Each line of the data is to be output verbatim, with the images removed.

(Beginning of Given information)

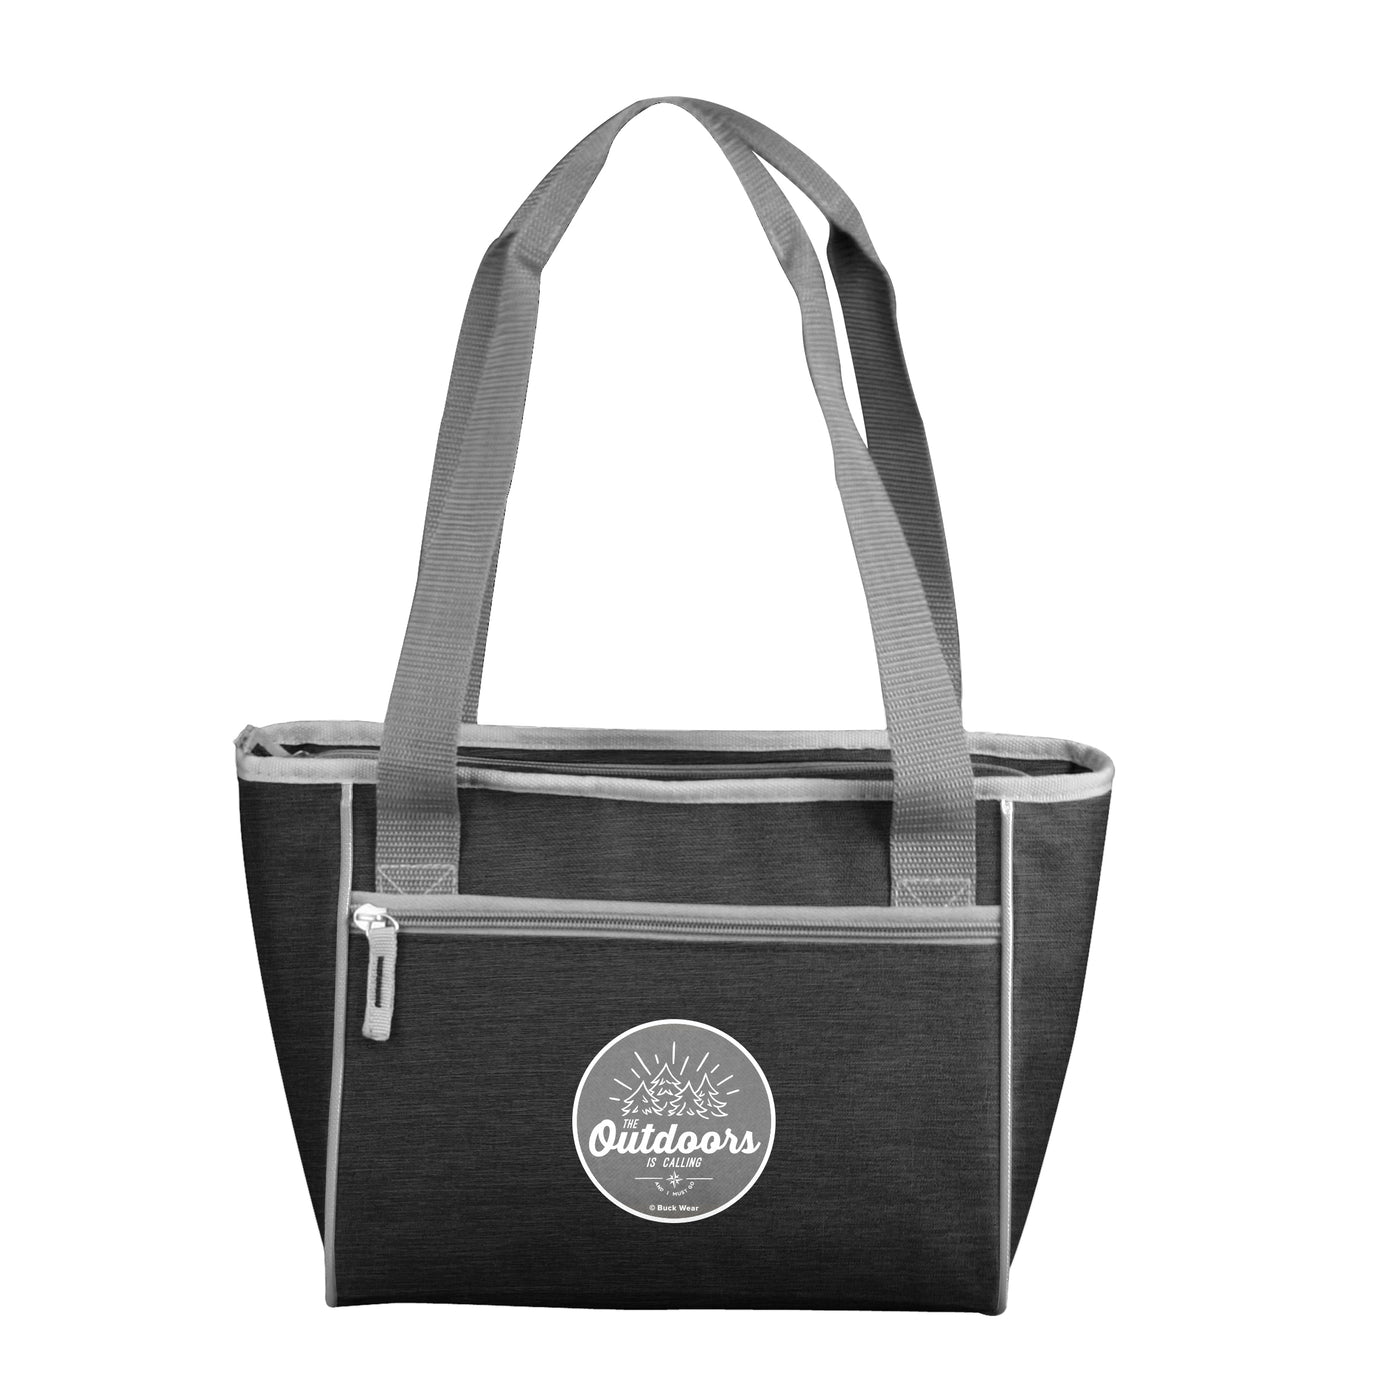 Outdoors Is Calling 16 Can Cooler Tote
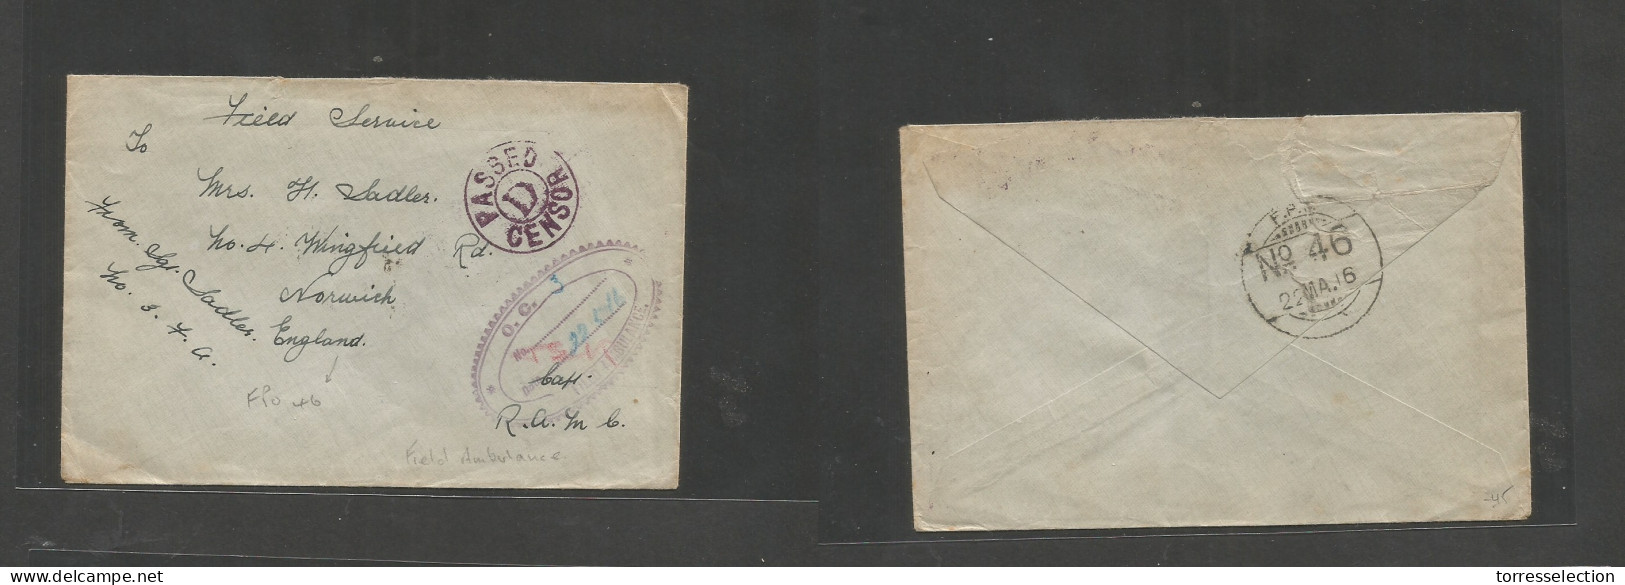 IRAQ. 1916 (22 May) WWI. FPO Nº 46. Field Service Envelope Ciruclated To Norwich, England. Censor Cachet + Oval "Field A - Iraq
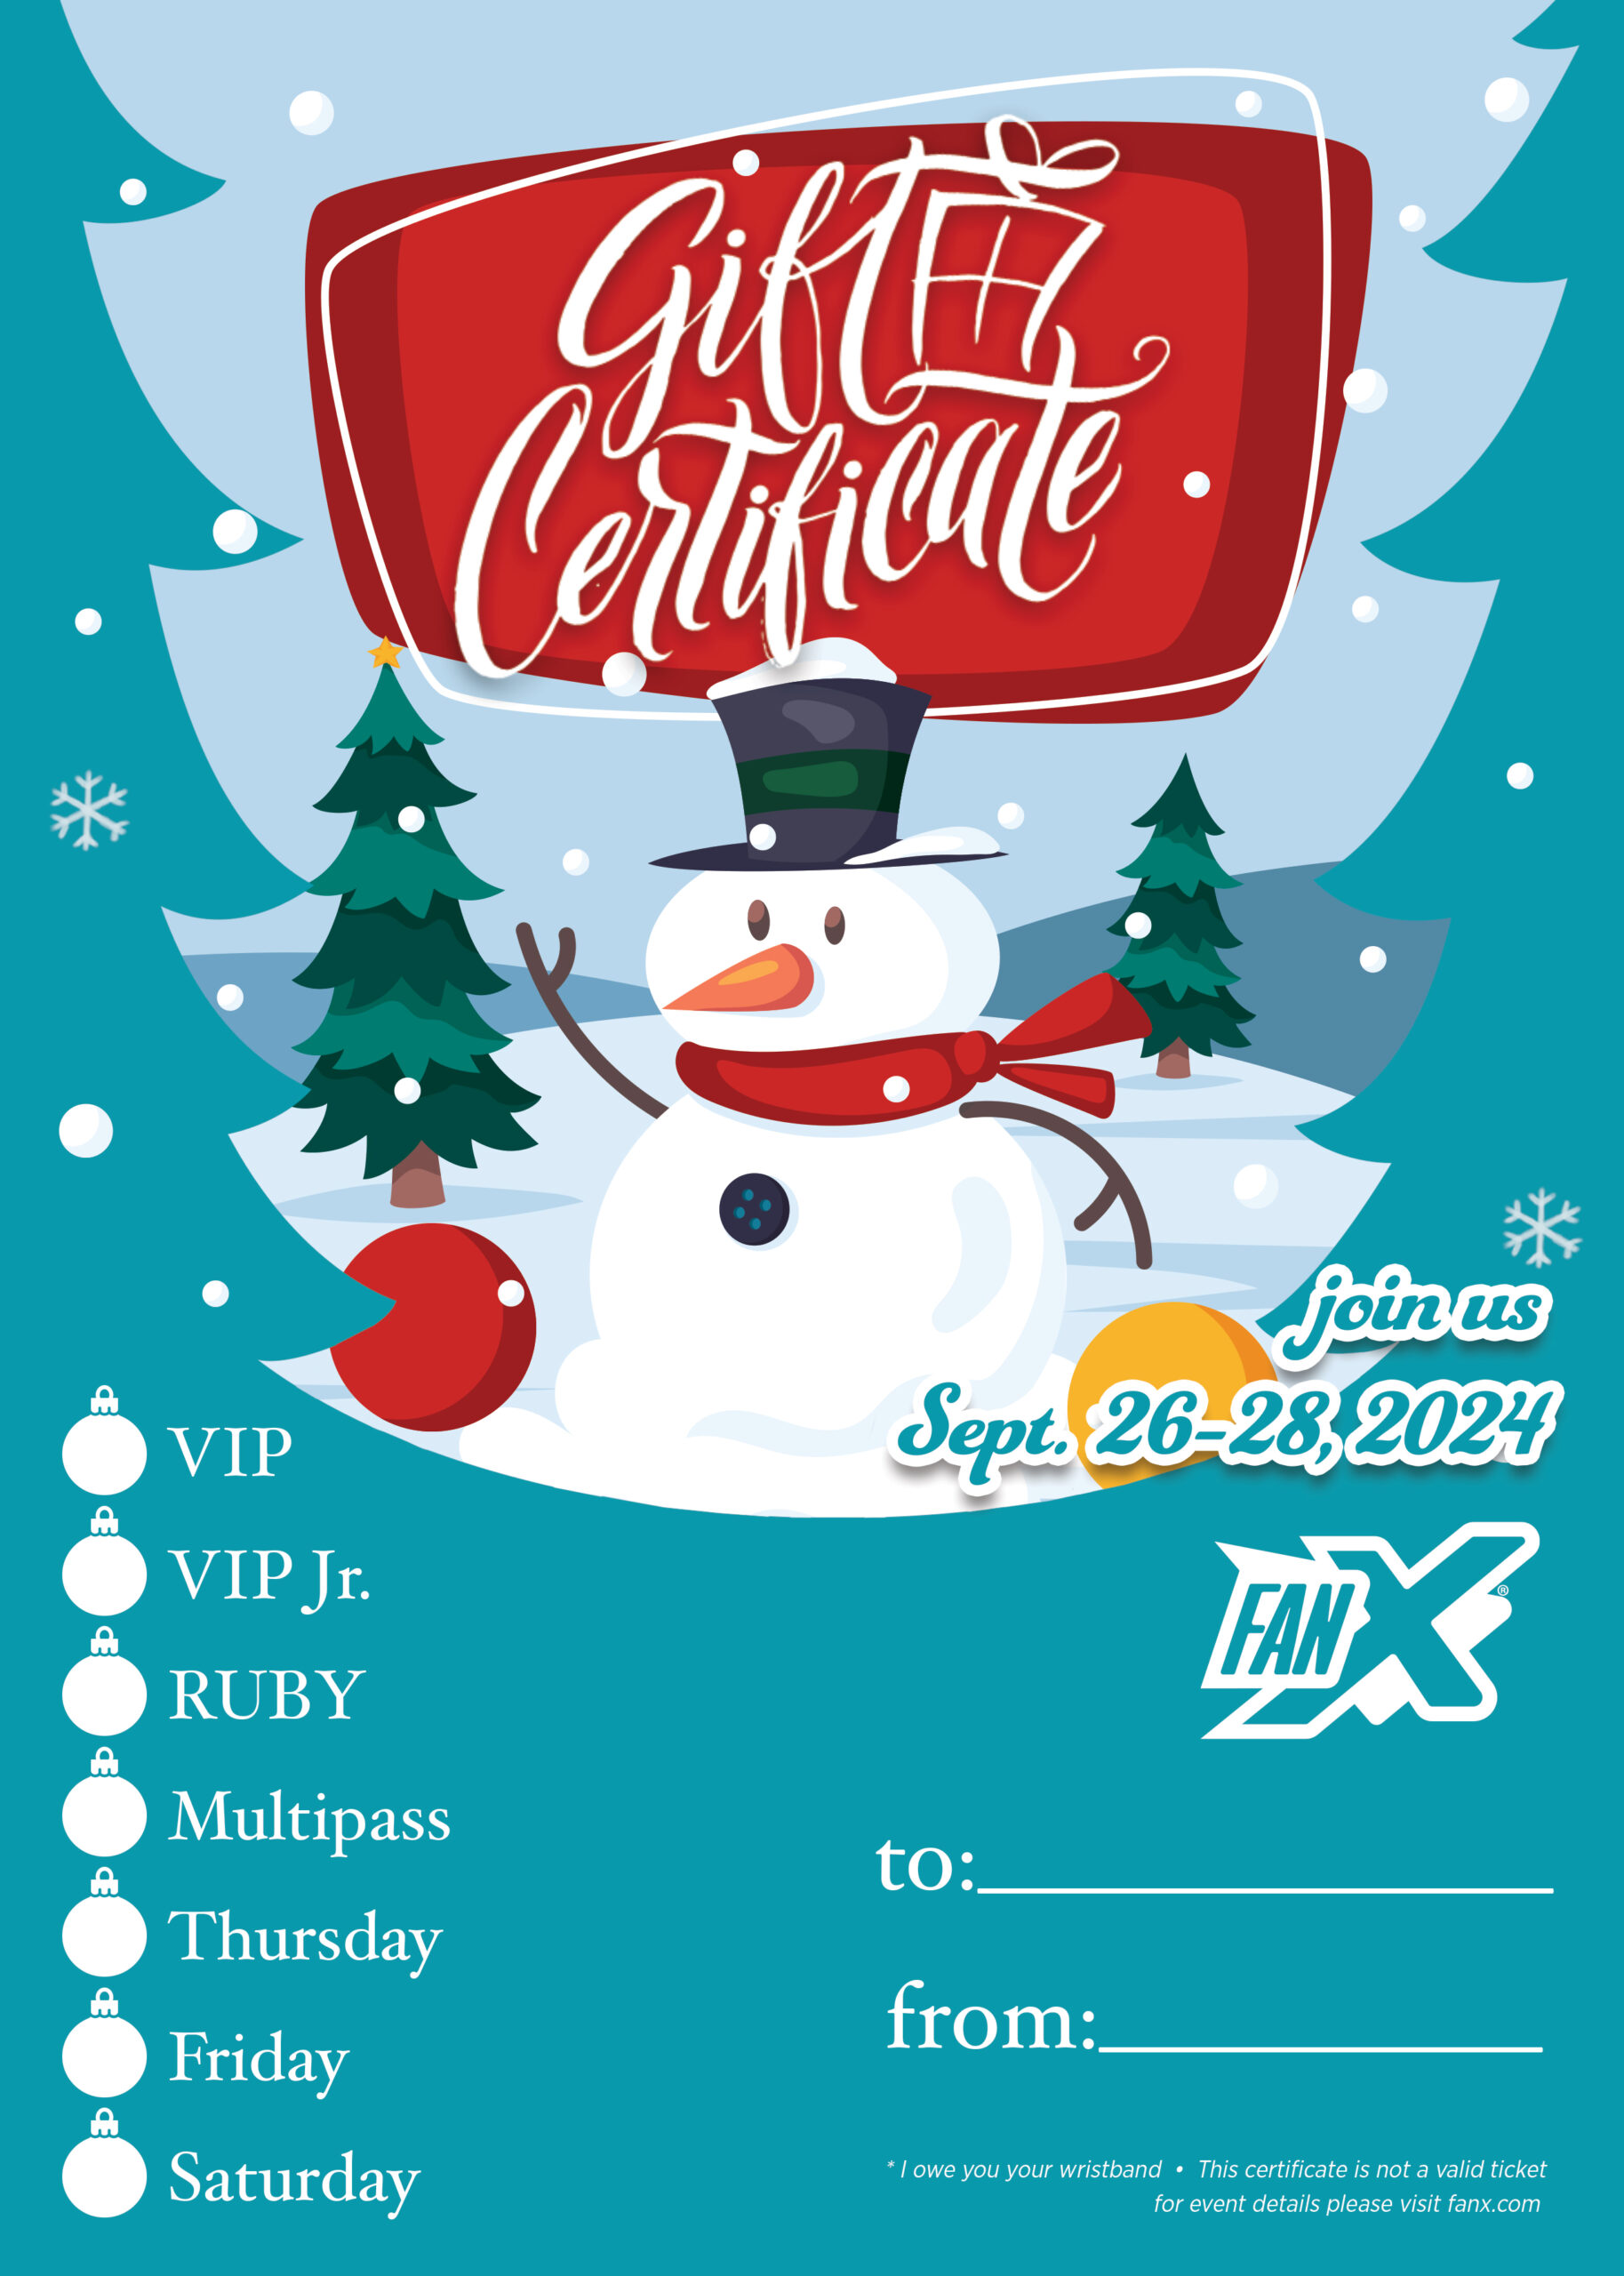 FanX Passes as Holiday Gifts with our Printable Gift Certificate!

(End of Given information)

**Reply to the task**
 Outdoors Is Calling 16 Can Cooler Tote
 IRAQ. 1916 (22 May) WWI. FPO Nº 46. Field Service Envelope Ciruclated To Norwich, England. Censor Cachet + Oval "Field A - Iraq
 FanX Passes as Holiday Gifts with our Printable Gift Certificate!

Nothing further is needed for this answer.